To that I’m curious. Since Twine games which are in the same group as COG have back buttons, that are actually easy to implement, and I never see anyone complaining about it.
But since I’m a man of business, I been thinking about this situation. Why would I want to give people something as easy as a back button or save check points?
I think I reached a quite possible explanation.
Most people buy COG games via Steam or via Google play. If those plataform have something truly in common is their refund system.
Steam allows to refund a game if you haven’t played more than a hour. And google has a similar system I forgot about. So let’s go with steam.
The average of the latest COG/HG published works seems to go between a 30k/60k.

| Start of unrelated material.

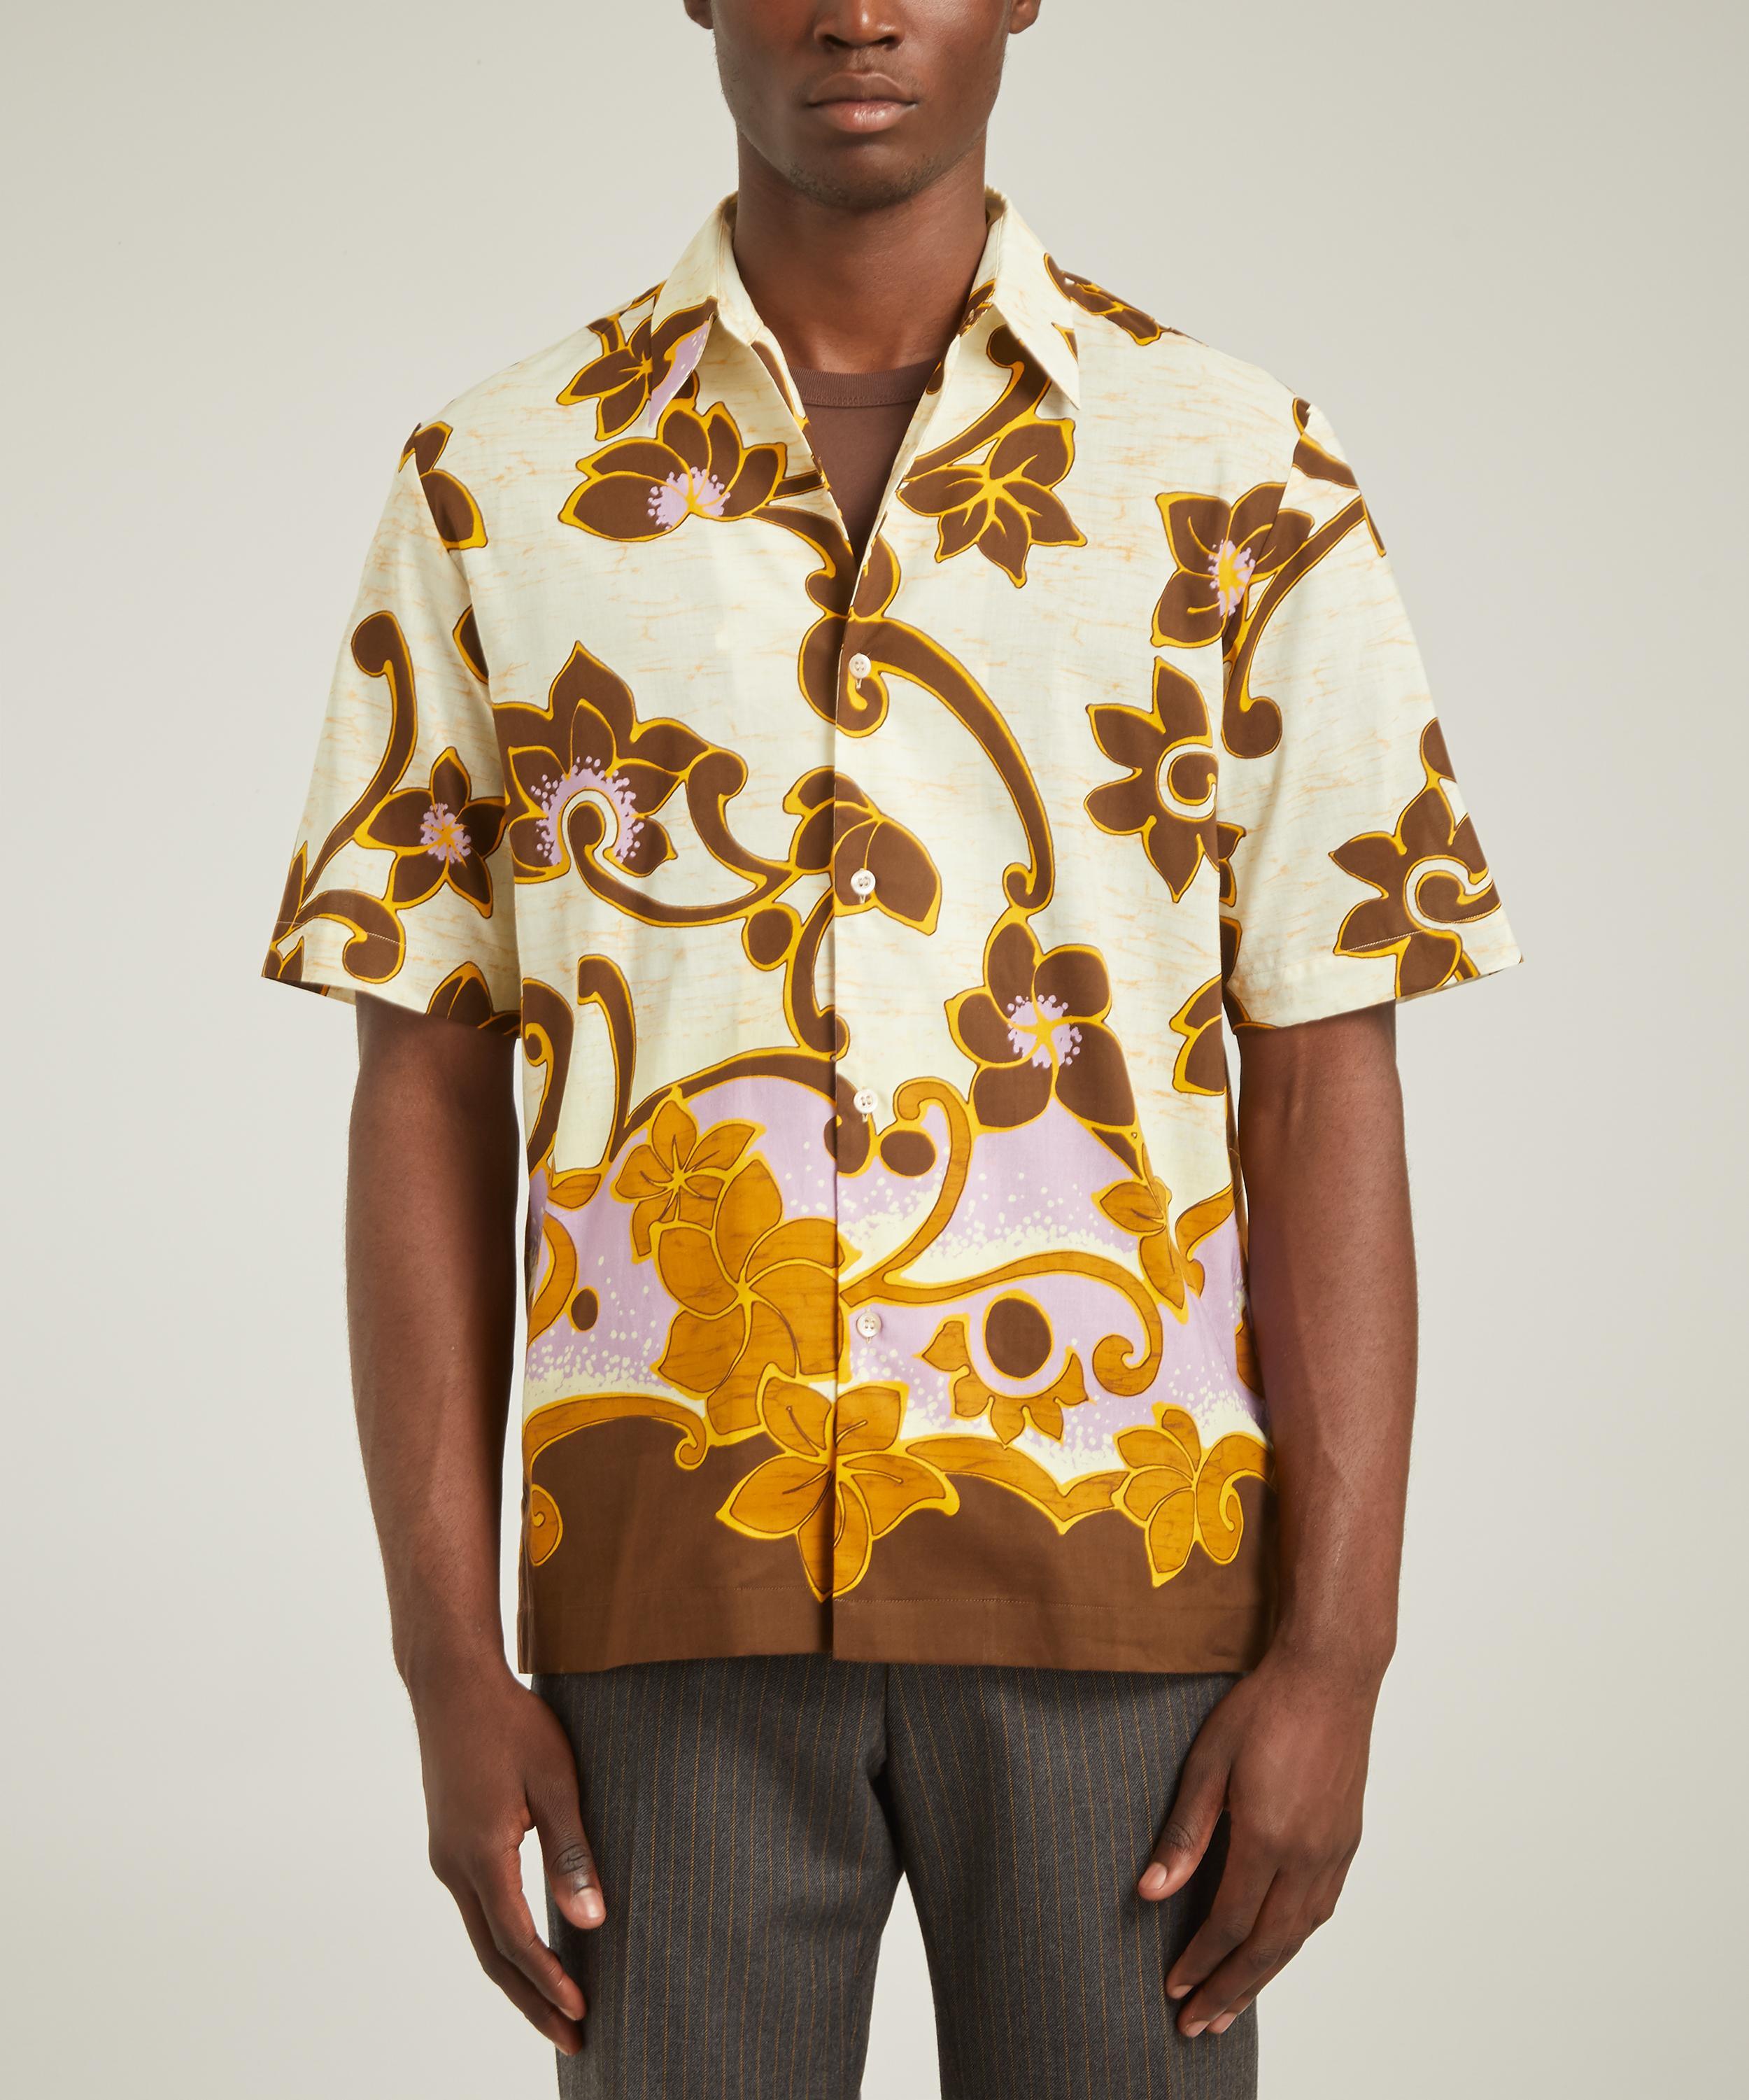 Dries Van Noten Floral Print Cotton Shirt for Men - Lyst

Given that demos are a thing it would be safe to believe the purchase wouldn’t happen until more or less in the middle.
Now we need to keep in a mind that people may like a demo but not the full content, and at that point we find ourselves in front of two situations.
1- The buyer drops the IF quite early after paying it, getting a guaranteed refund.
2- The buyer doesn’t discover their didnt like the IF until is too late. Since they would need to replay the game from scratch if they got a wrong option or they want to try another path.
Now what would happen if we were to put a back button or/and checkpoints?
The time someone would need to replay the game would get shortened and could fill that hour.
So after the buyer was done? They would could get a refund.
Now, given how the latest games hasn’t had exactly the best popularity (No offense to the authors, I’m talking numbers here) that other anterior works, that can suppose a problem.
Basically because publishing anything on steam/google play has a cost. So if the sales dont go well, that’s money lost, and that’s a big no no for a business.
Ofc that’s just my reflection over the issue, with the most utmost respect towards Choice of Games and it’s staff.